Les observateurs et les acteurs du secteur sont unanimes : l’industrie minière est l’un des secteurs à même de booster les investissements à Madagascar, tout en étant l’un des grands contributeurs au développement économique et social du pays. Pour justifier ce constat, ces derniers rappellent qu’il y a 15 ans, le secteur avait déjà pu contribuer aux recettes fiscales à hauteur de 1 032 milliards d’ariary (soit 7,83 % des recettes fiscales), sous forme de frais d’administration minière, de redevances et ristournes, de différents impôts, de droits et taxes à l’importation.

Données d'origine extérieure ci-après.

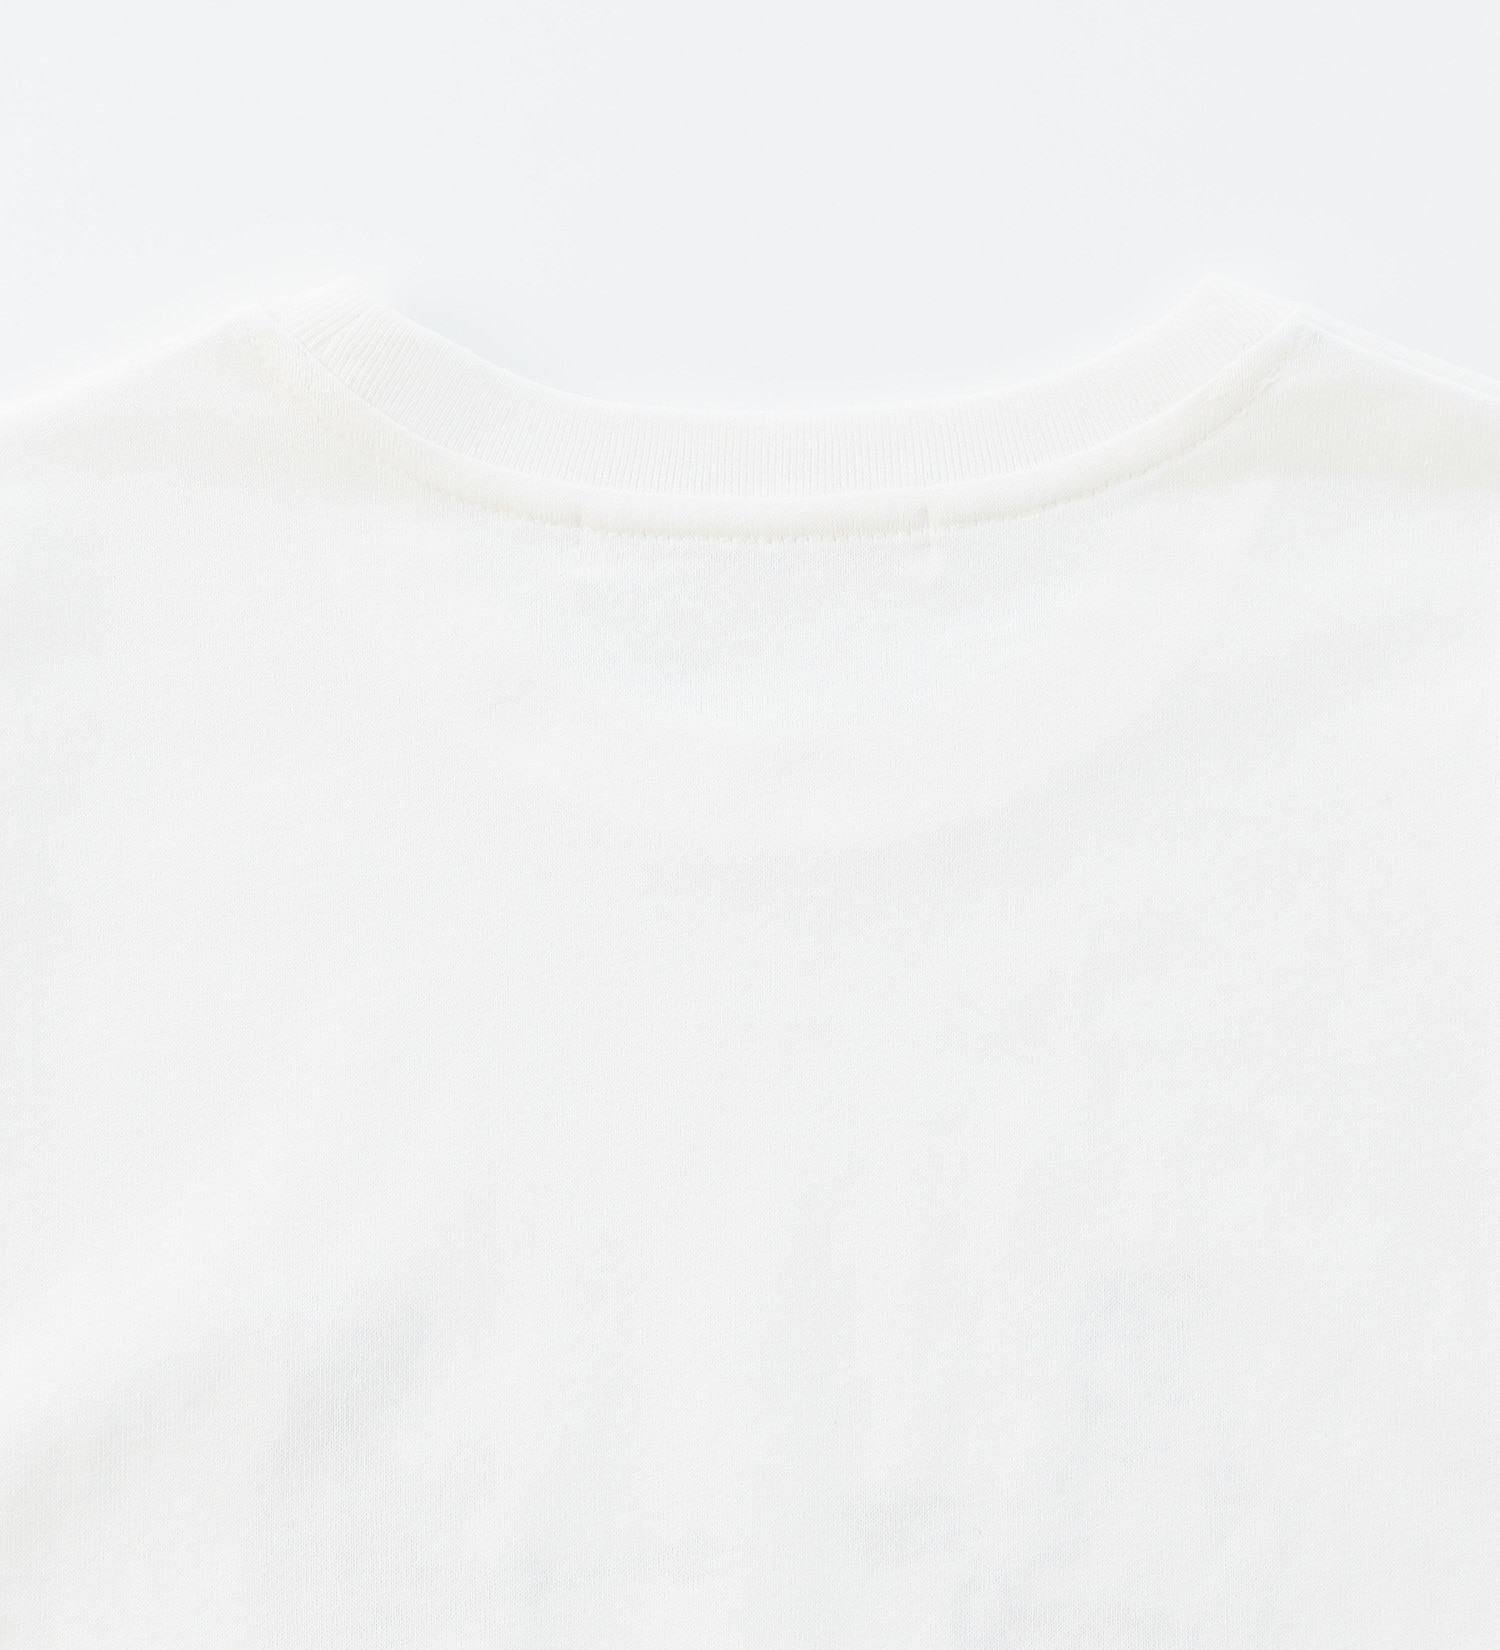 EDWIN(エドウイン)の【BLACKFRIDAY】手書き風プリントTシャツ 半袖（キャンプ）【アウトレット店舗・WEB限定】|トップス/Tシャツ/カットソー/レディース|ホワイト

En ce temps-là, Ambatovy, Rio Tinto-QMM, Holcim, Kraoma, Total EP, Groupe PAM, Madagascar Oil, Mainland Mining, Madagascar Consolidated Mining, Madagascar Chromium Company et Tantalum constituaient les compagnies représentant plus de 90 % des investissements et des paiements d’impôts dans le secteur minier.
Pour la Chambre des Mines, l’heure est à la relance de la machine pour attirer de nouveaux investisseurs miniers. Cette plateforme insiste en outre sur le fait que les projets miniers contribuent également au développement des infrastructures de base. En effet, l’installation des industries minières se trouve généralement dans des zones enclavées, loin des infrastructures d’usage public. Le titulaire du projet, par la mise en place des infrastructures destinées au processus de mise en route du projet, veille au bien-être de ses employés et de la population environnante en créant les infrastructures essentielles telles que les écoles, les puits, les logements, les routes ou encore les équipements énergétiques.

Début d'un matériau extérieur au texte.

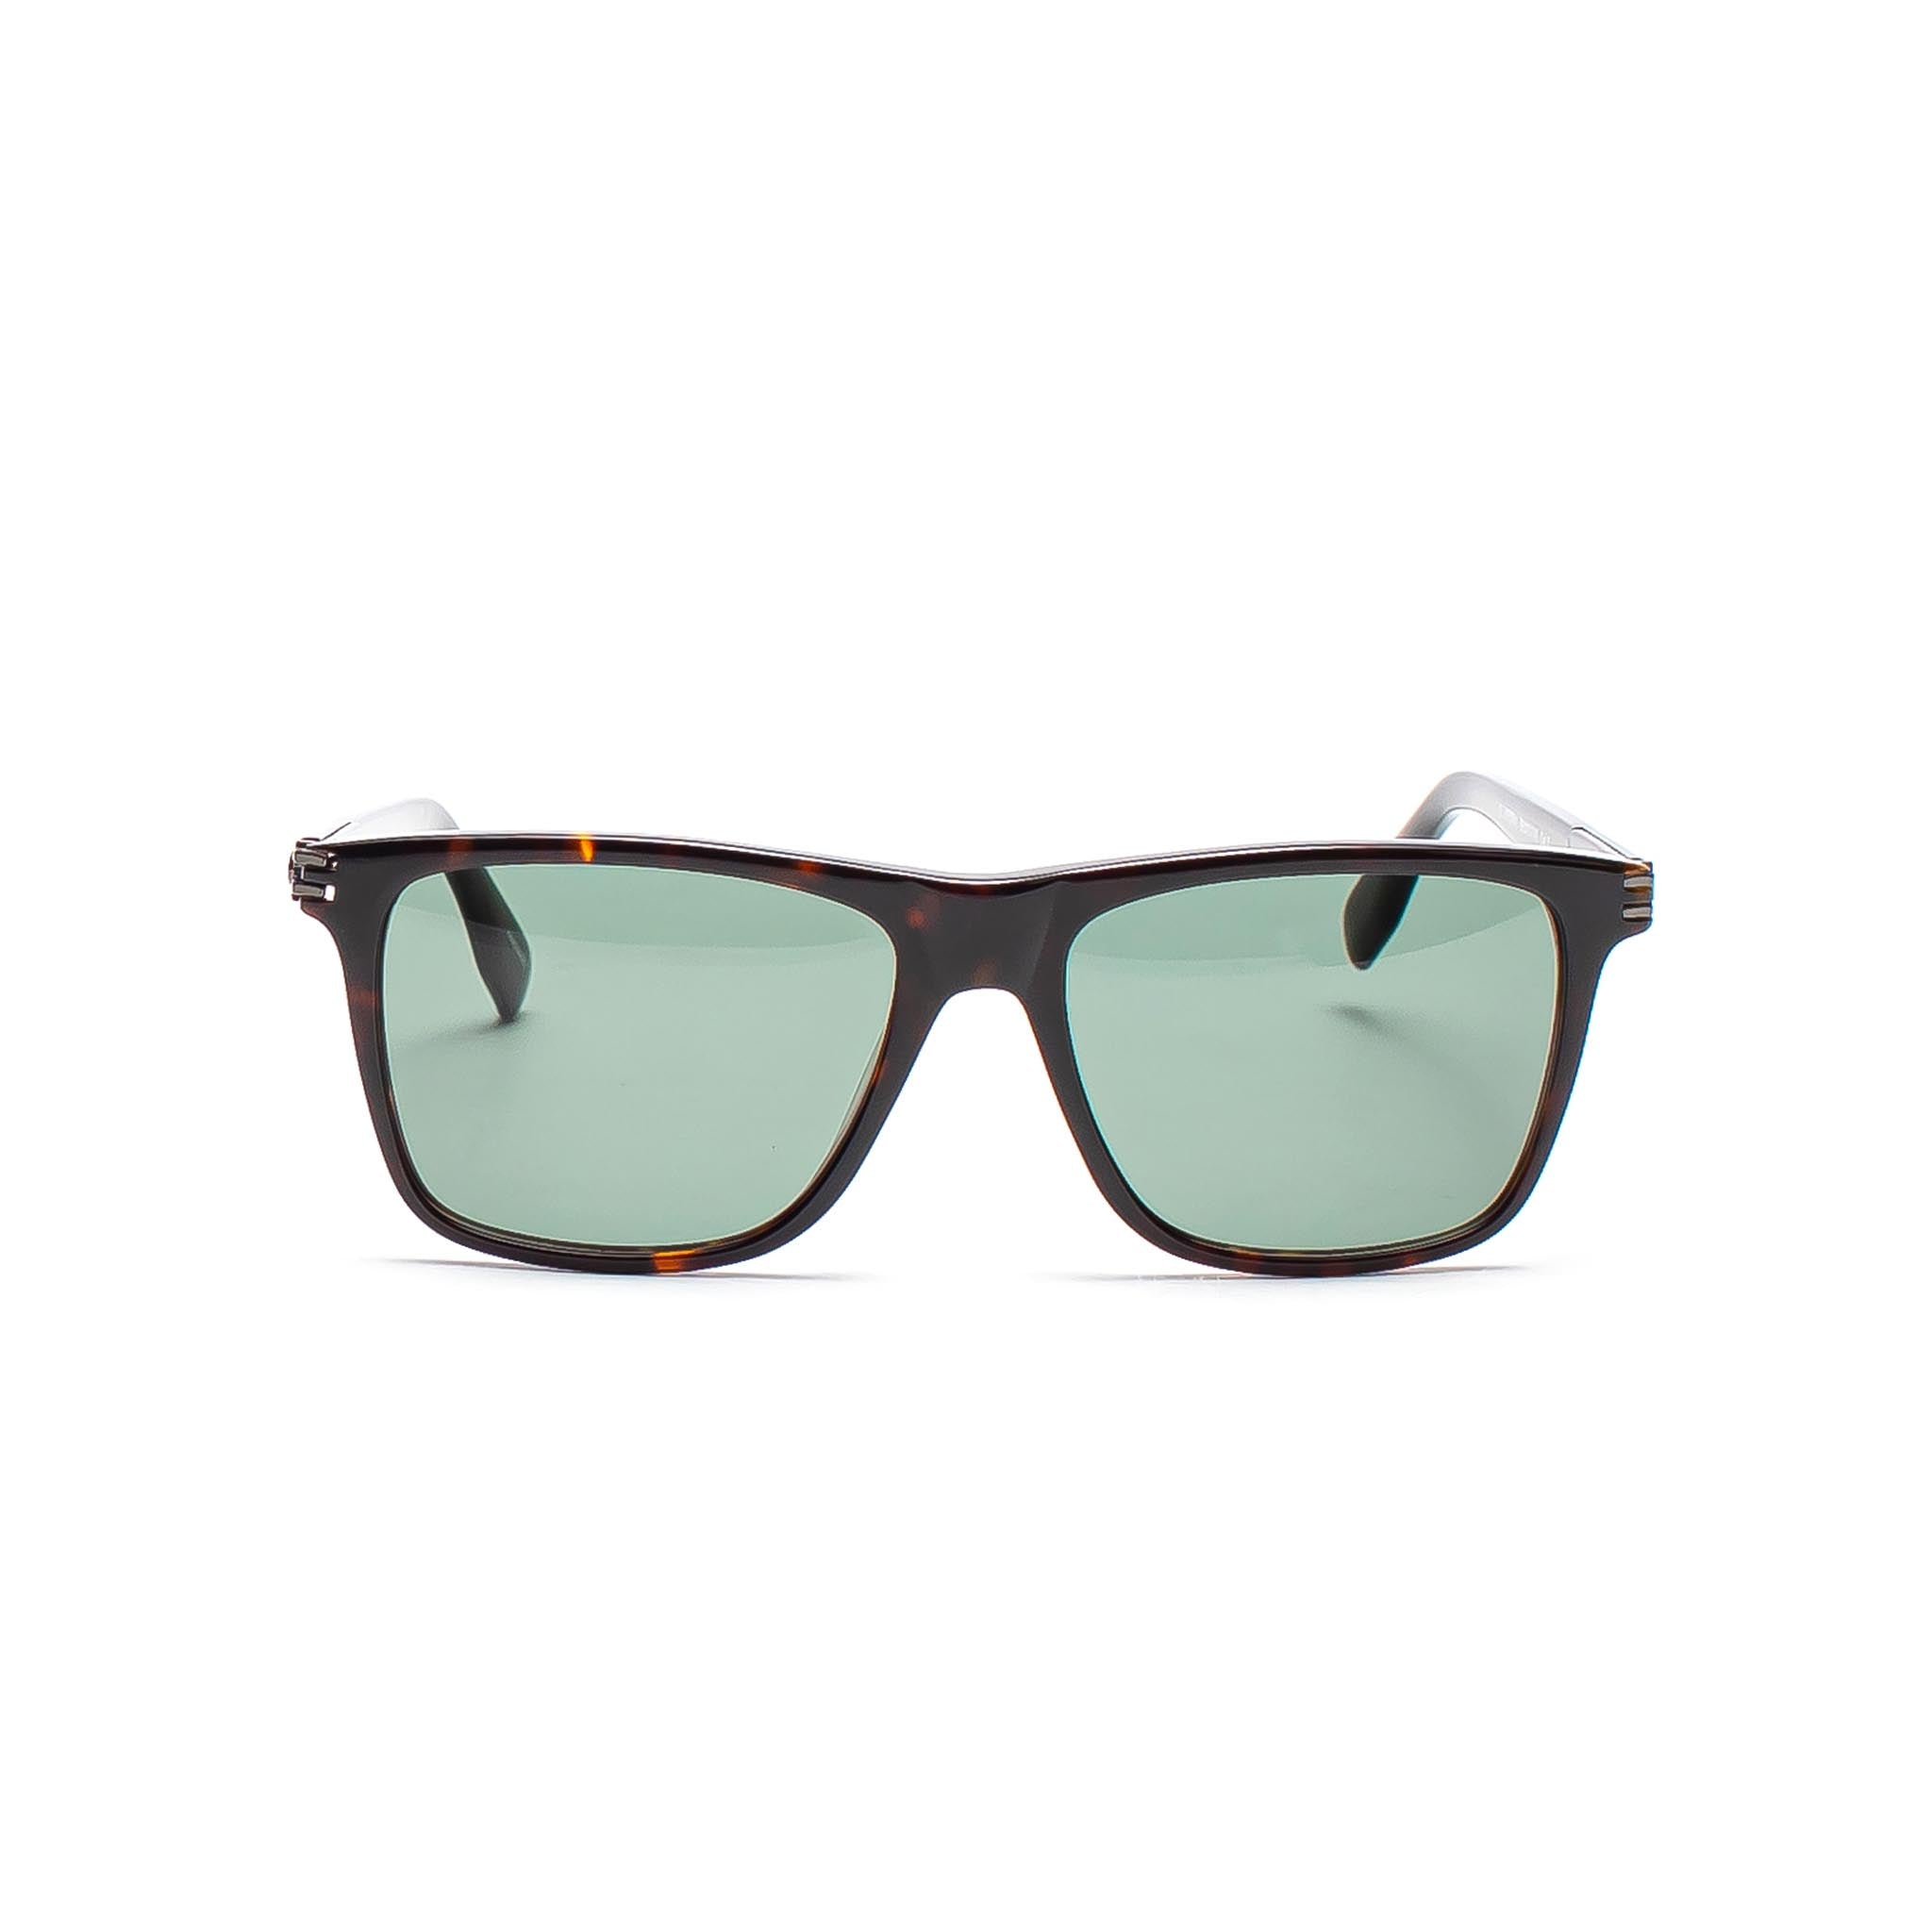 HOMME+ HP008 Sunglasses Tortoise

Engagements environnementaux
Il est également rappelé que le secteur des grandes mines crée des opportunités d’affaires pour des entreprises issues d’autres secteurs. Le développement d’un grand projet minier nécessite généralement l’interaction de plusieurs activités en amont et en aval de la chaîne de valeur du secteur minier. Ces grands projets ont des besoins spécifiques impliquant le savoir-faire de la population locale (services, main-d’œuvre, approvisionnement). Dans cet axe, le projet intervient en appui à la population locale à travers la création d’activités génératrices de revenus (élevage, agriculture, etc.), ainsi que le renforcement des capacités, afin que la population puisse bénéficier pleinement des opportunités offertes par la grande mine.
Les projets miniers visent par ailleurs l’harmonisation du développement d’une mine avec la conservation de l’environnement. Il est précisé à ce sujet que pratiquement tous les projets miniers adhèrent au renforcement de la base, notamment à travers l’éducation et la sensibilisation environnementale de la population locale, touchant à la fois les femmes et les personnes âgées. En outre, conformément aux principes de la Mise en Compatibilité des Investissements avec l’Environnement (MECIE), les industries minières en exploitation sont reconnues comme les premières entités économiques ayant adopté et appliqué le concept de « gain net » ou d’« impact positif net » sur la biodiversité, répondant au principe de mise en hiérarchie des mesures d’atténuation : évitement, mitigation, restauration et compensation (offsets).
Si la CMM ne cesse de noter la part du secteur extractif dans l’économie du pays, ainsi que la responsabilité environnementale des entreprises minières, c’est parce que les critiques à l’endroit des projets miniers ne sont pas rares. Pour sa part, l’Initiative pour la Transparence dans les Industries Extractives (ITIE) continue à collecter les données et à produire ses rapports afin de mieux situer l’évolution du secteur et sa contribution au développement du pays. Initiée en 2003 à Londres, l’ITIE est une norme internationale qui vise à promouvoir la transparence, la redevabilité et la bonne gouvernance des revenus issus des ressources minières, pétrolières et gazières.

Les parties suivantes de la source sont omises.